───── Data

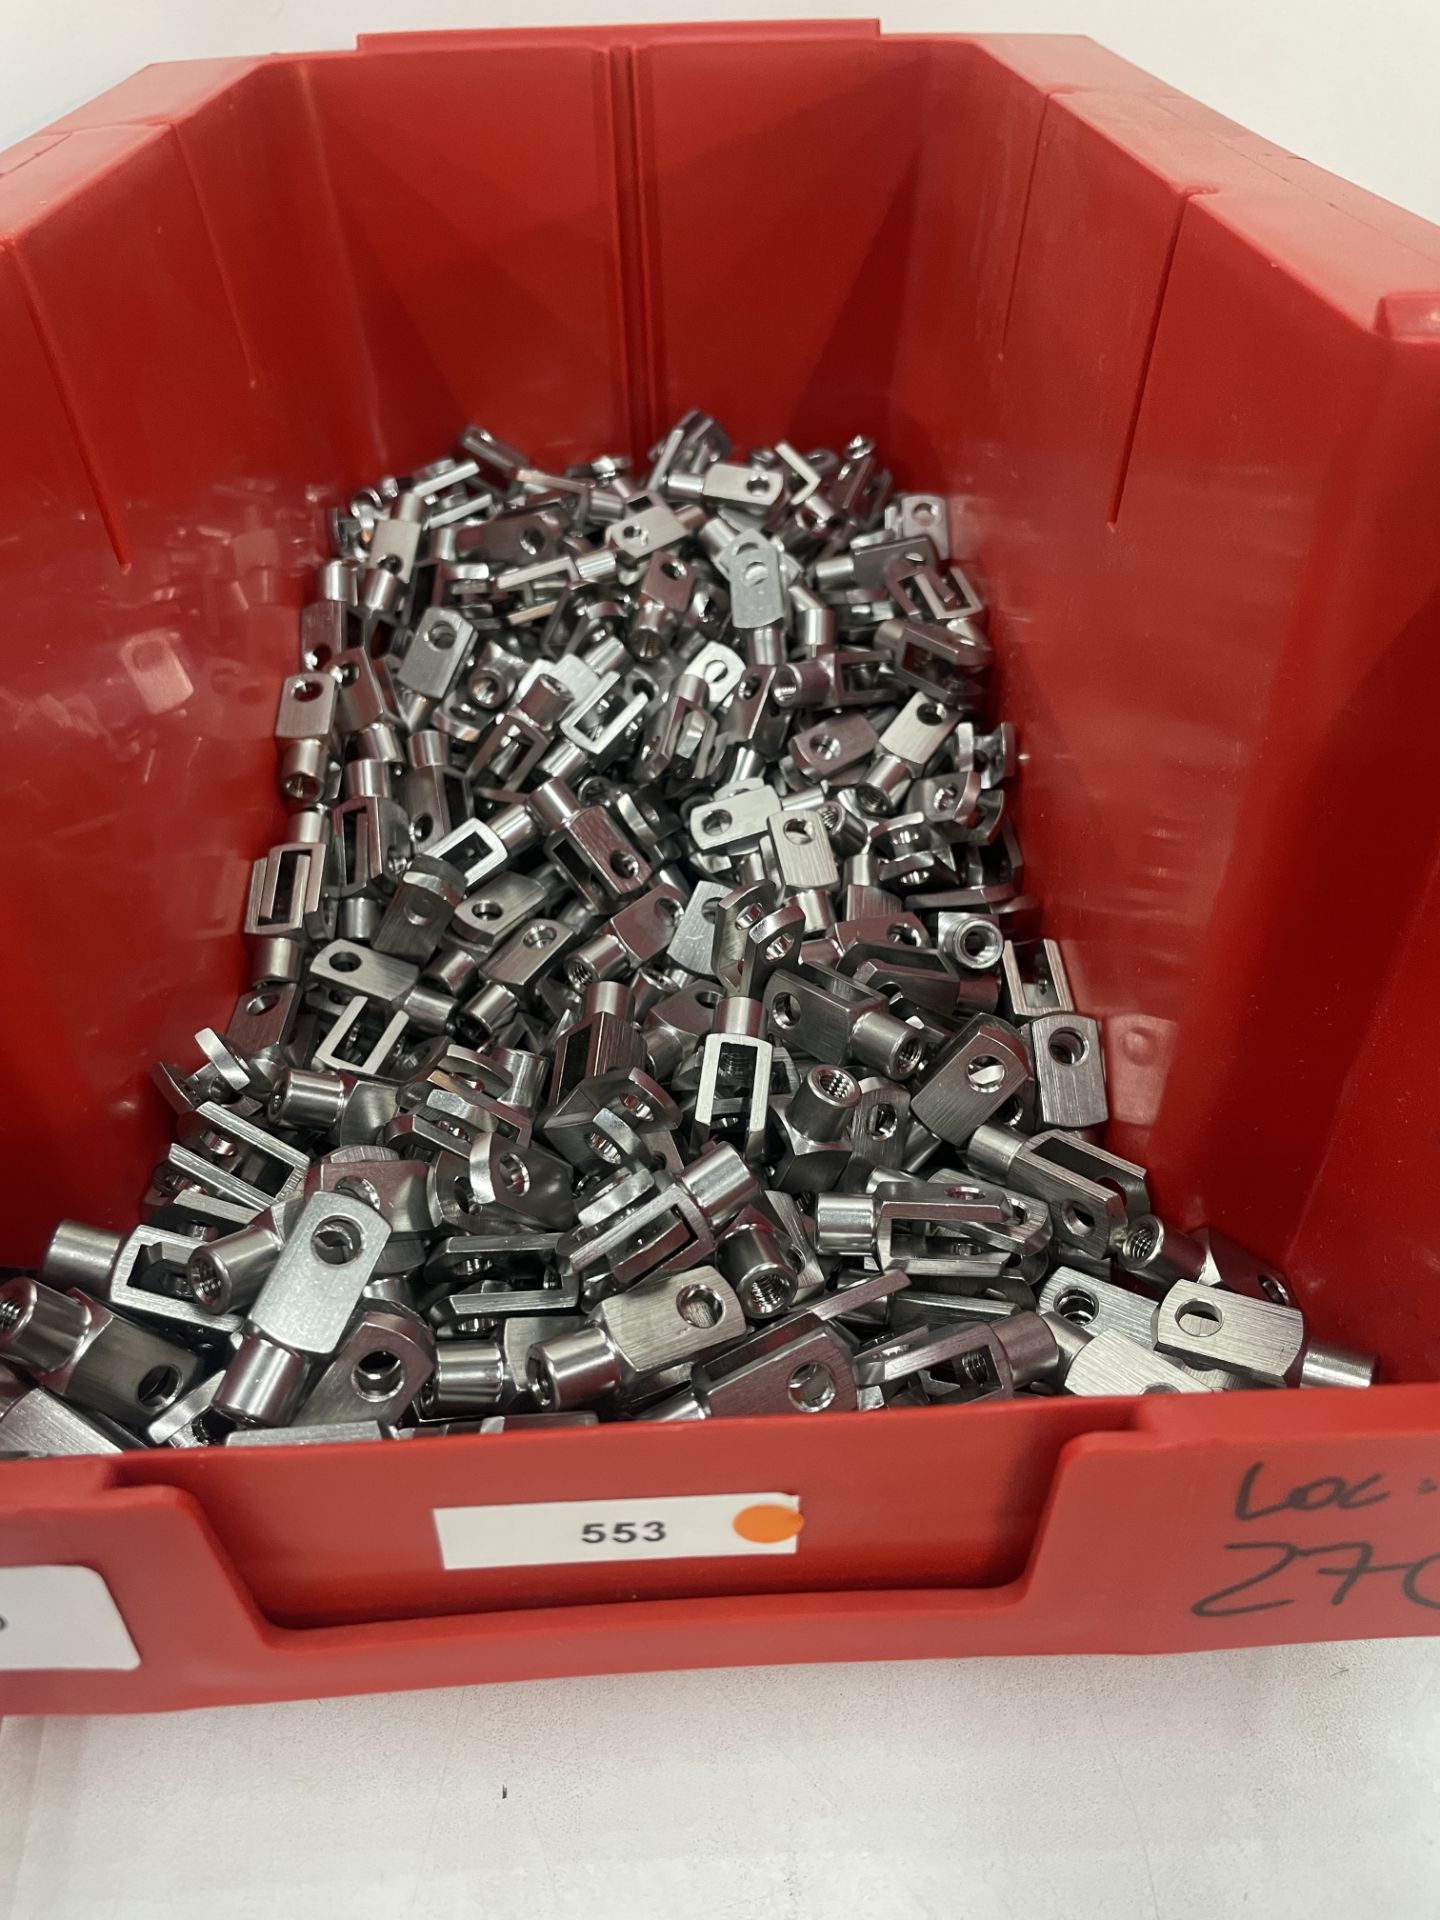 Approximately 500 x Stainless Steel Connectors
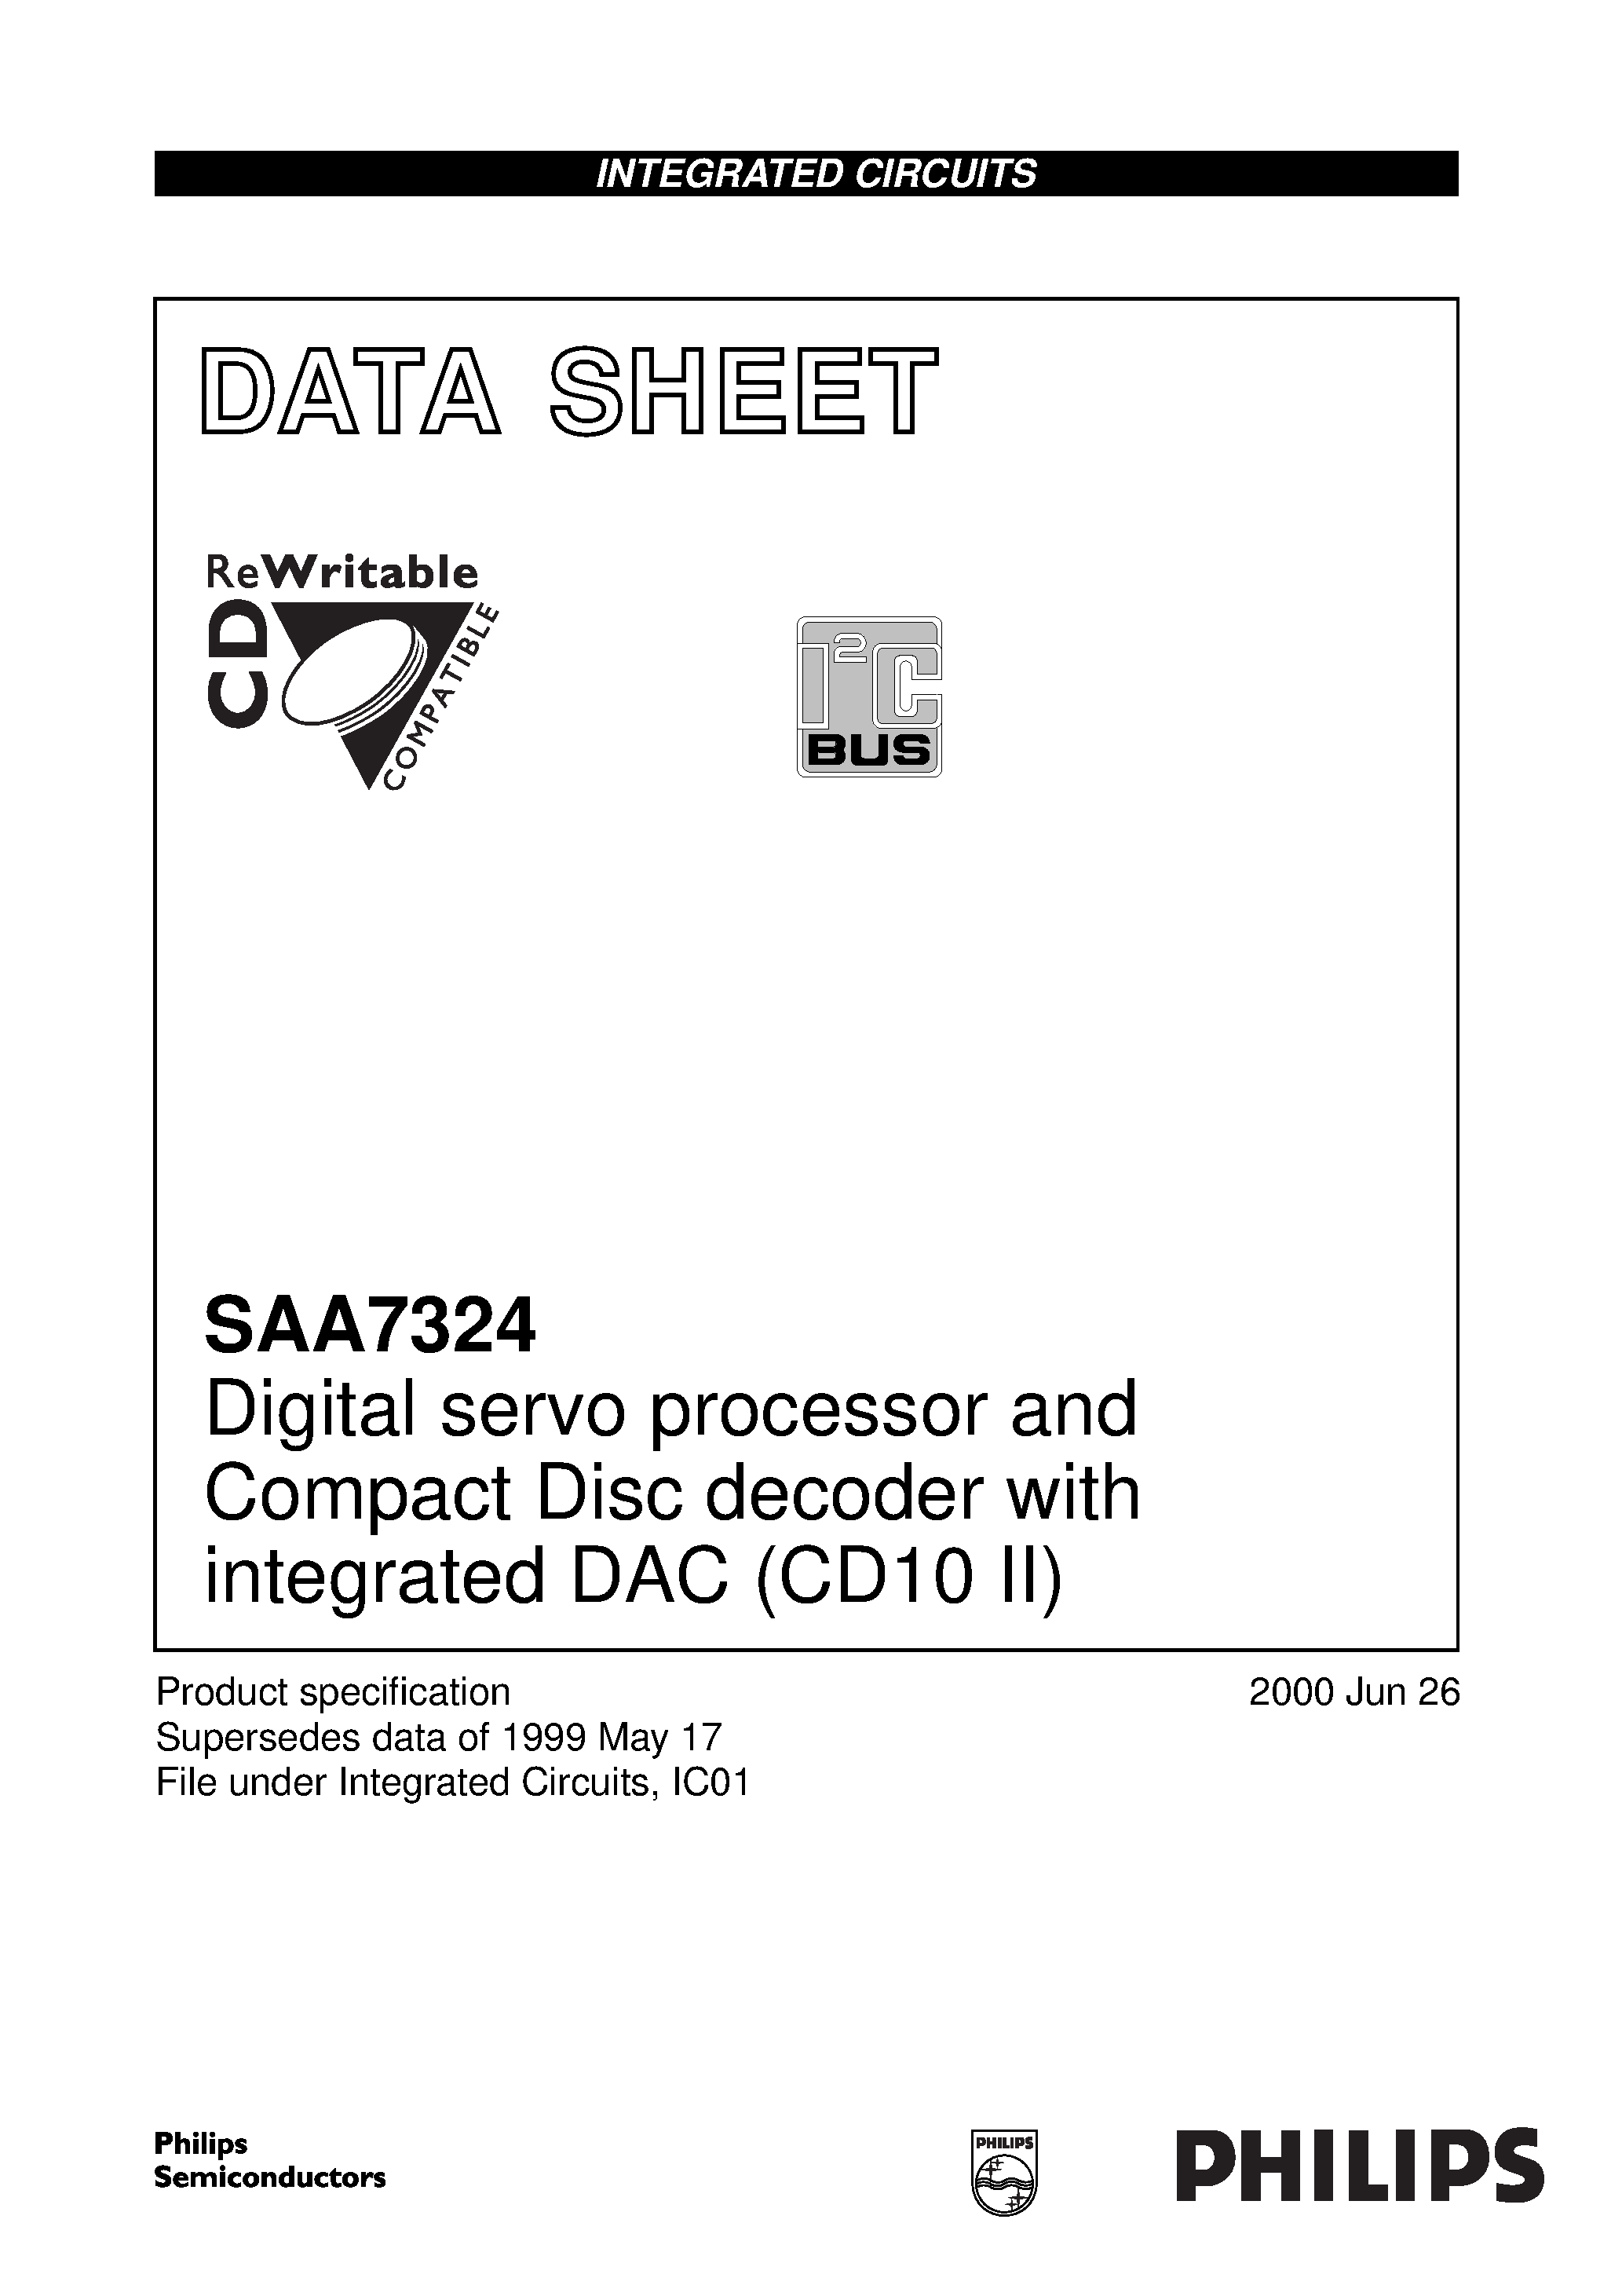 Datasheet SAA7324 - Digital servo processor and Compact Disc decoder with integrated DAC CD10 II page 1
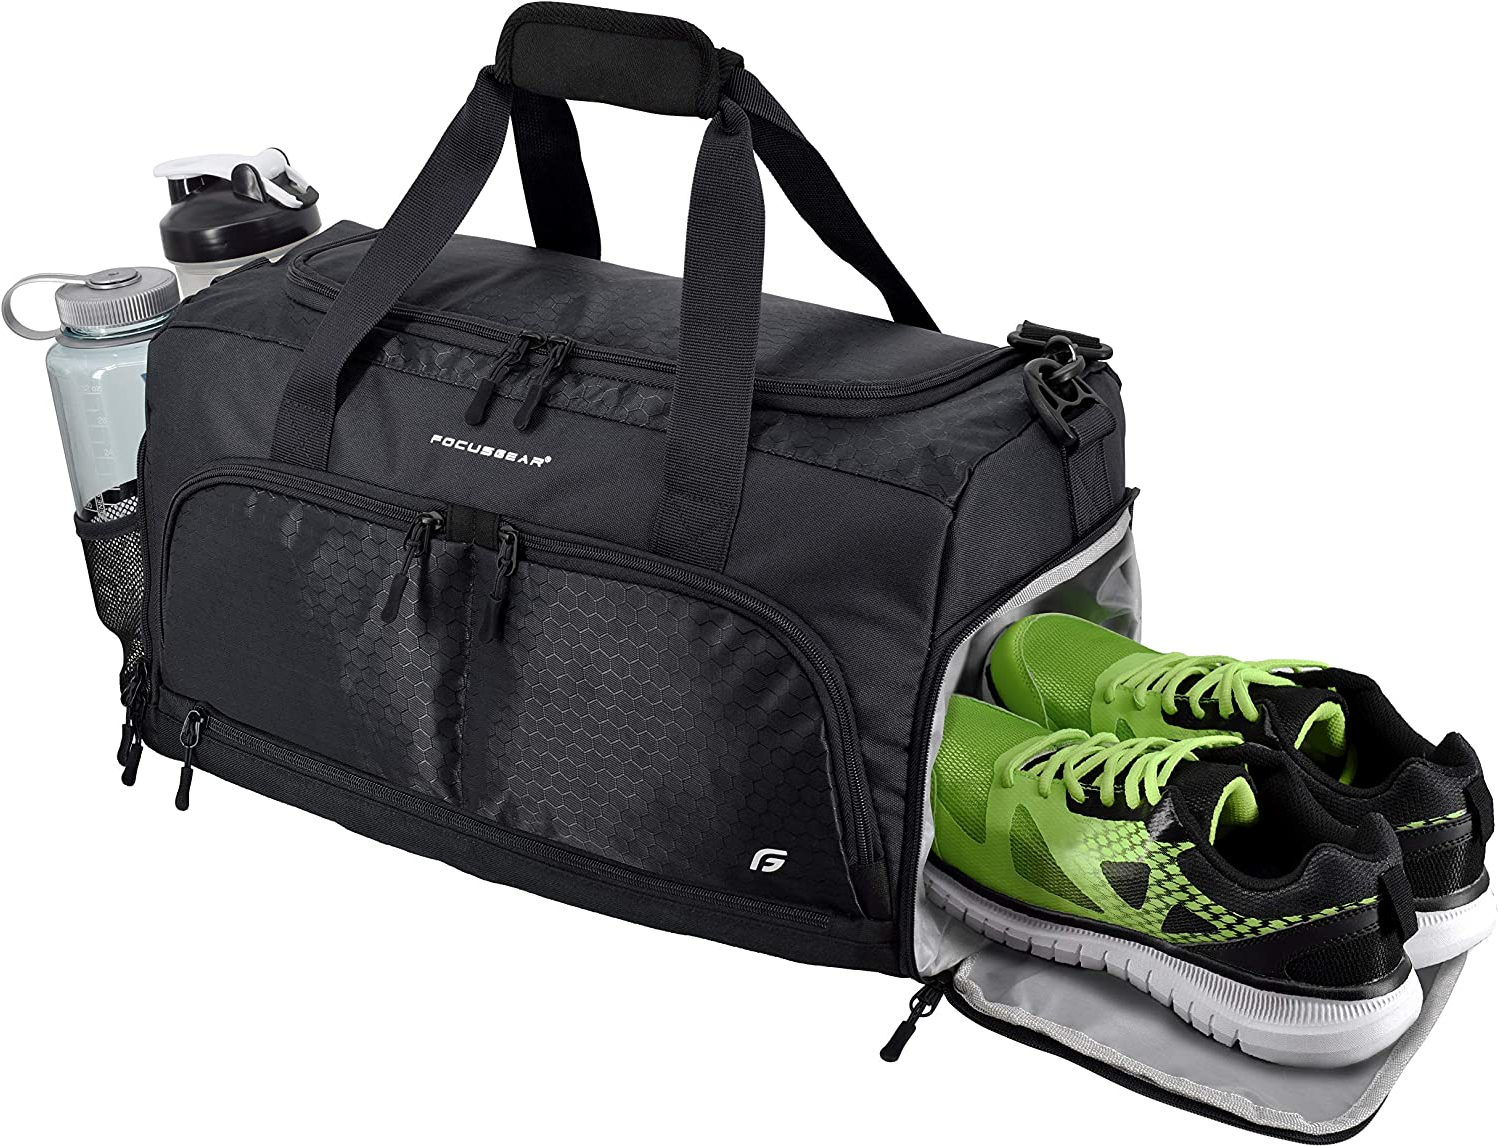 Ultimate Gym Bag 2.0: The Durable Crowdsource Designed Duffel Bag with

──────────

◆ **Exercise instructions**: Go through the listing above and write it out again exactly, dropping the pictures.

◆ **Result of this exercise**:
 Approximately 500 x Stainless Steel Connectors
 Datasheet SAA7324 - Digital servo processor and Compact Disc decoder with integrated DAC CD10 II page 1
 Ultimate Gym Bag 2.0: The Durable Crowdsource Designed Duffel Bag with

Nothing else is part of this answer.